Feb. 8th
In my last post I
mentioned my increased sensitivity to noise in the last few weeks. I’ve also
noticed this effect with visual “noise.” Too much “stuff” to be looked at can
also be over-stimulating, exhausting. Last night we went with friends to see a
showing at the local cinema of the compilation of Cannes prize-winning ads.
These used to be funny and short. Now, in the Internet age, the ads are
tediously long and pretentious. The first one was a Lady Gaga S&M-themed
perfumed ad. There was too much to watch, and what there was was just so
irritating that I nearly walked out of the theatre.
Then, tonight, after
going to see “The Hunger Games: Catching Fire”—a film I enjoyed and which was
engrossing enough to be distracting—I had another episode of sensitivity to
visual “clutter.” The friend I was with and I were driving away from the mall
which housed the movie theatre and it occurred to me that my friend (who was
driving) might turn up the street where K.B. lived in an apartment building for
two years, up until she got married last May. I haven’t passed that building or
the house she previously lived in since her death.
Panic joined us in
the car and agitation seized me. Could I plead with my friend not to turn up
that street? But she was engrossed in telling me about troubles of her own.
Fortunately, she didn’t turn up that street, but instead headed north on the
main drag. But, as if in reaction to a near-confrontation with a place so
associated with K.B., I felt oppressed with everything I saw out the window, a
seemingly endless string of businesses with their colourful signs and lights
and electronic billboards. I wanted to crawl out of the car and get away.
When this impulse hit me, my companion was
telling me about her own state of anxiety. I forced myself to focus on what she
was saying, to offer words of empathy. She is a dear friend, too, and she
deserved my attention. When she dropped me off at home, she brought up the fact that
she is still praying for me and for K.B.’s family. Just even to talk about K.B.

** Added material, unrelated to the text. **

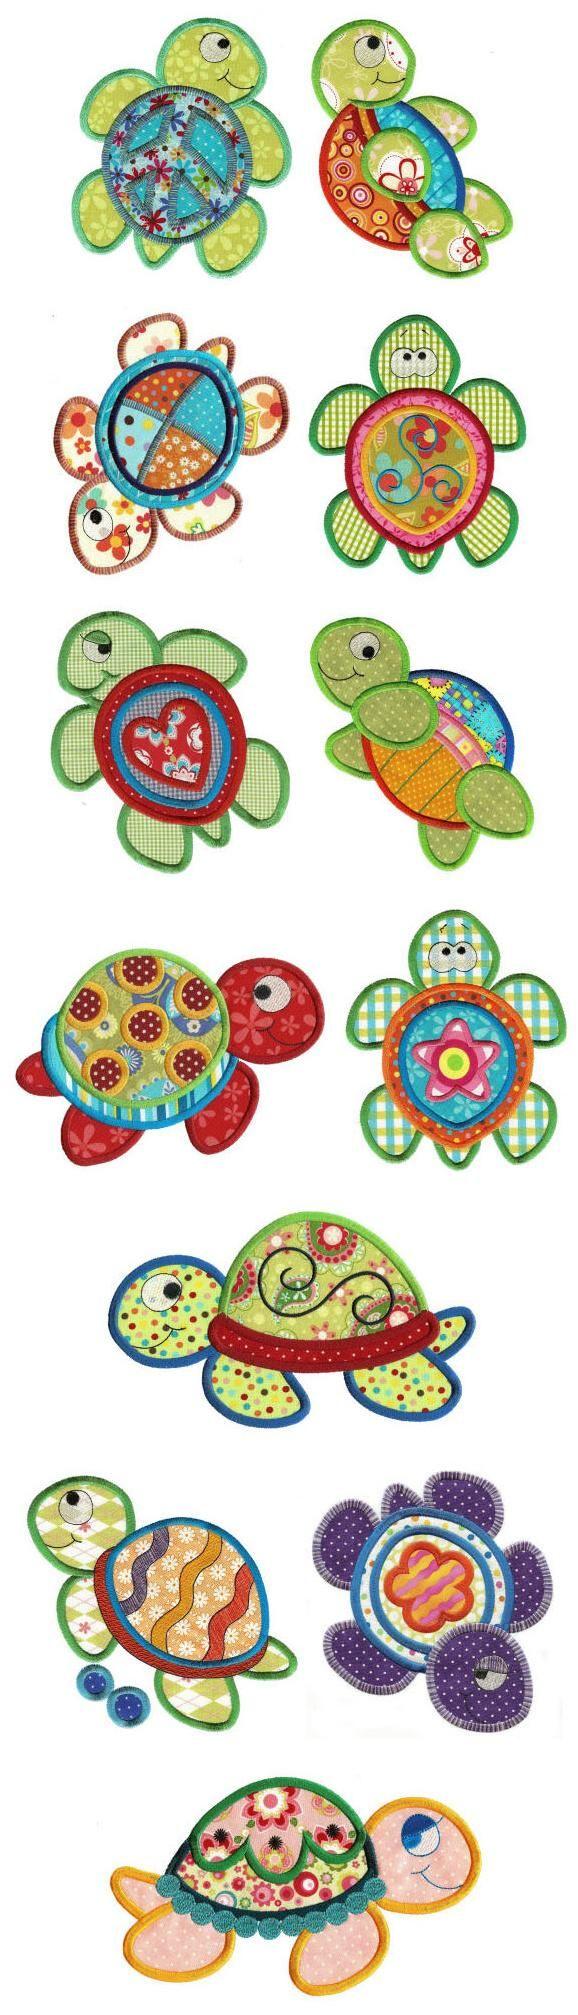 Sea Turtles Applique - Designs By JuJu | OregonPatchWorks

for a little while with someone else who knew her and appreciated her eased the
sense of panic and provided a bit of comfort after that unsettling episode.
It is interesting how sharing my feelings and memories about K.B. does help. I guess this is why/how support groups are formed.
ReplyDeleteIt's so helpful to me, too. I appreciate it immensely when I have the opportunity to talk about her with others and hear others' stories of her. I particularly enjoy hearing stories that are new to me; it feels like I am continuing to get to know her better.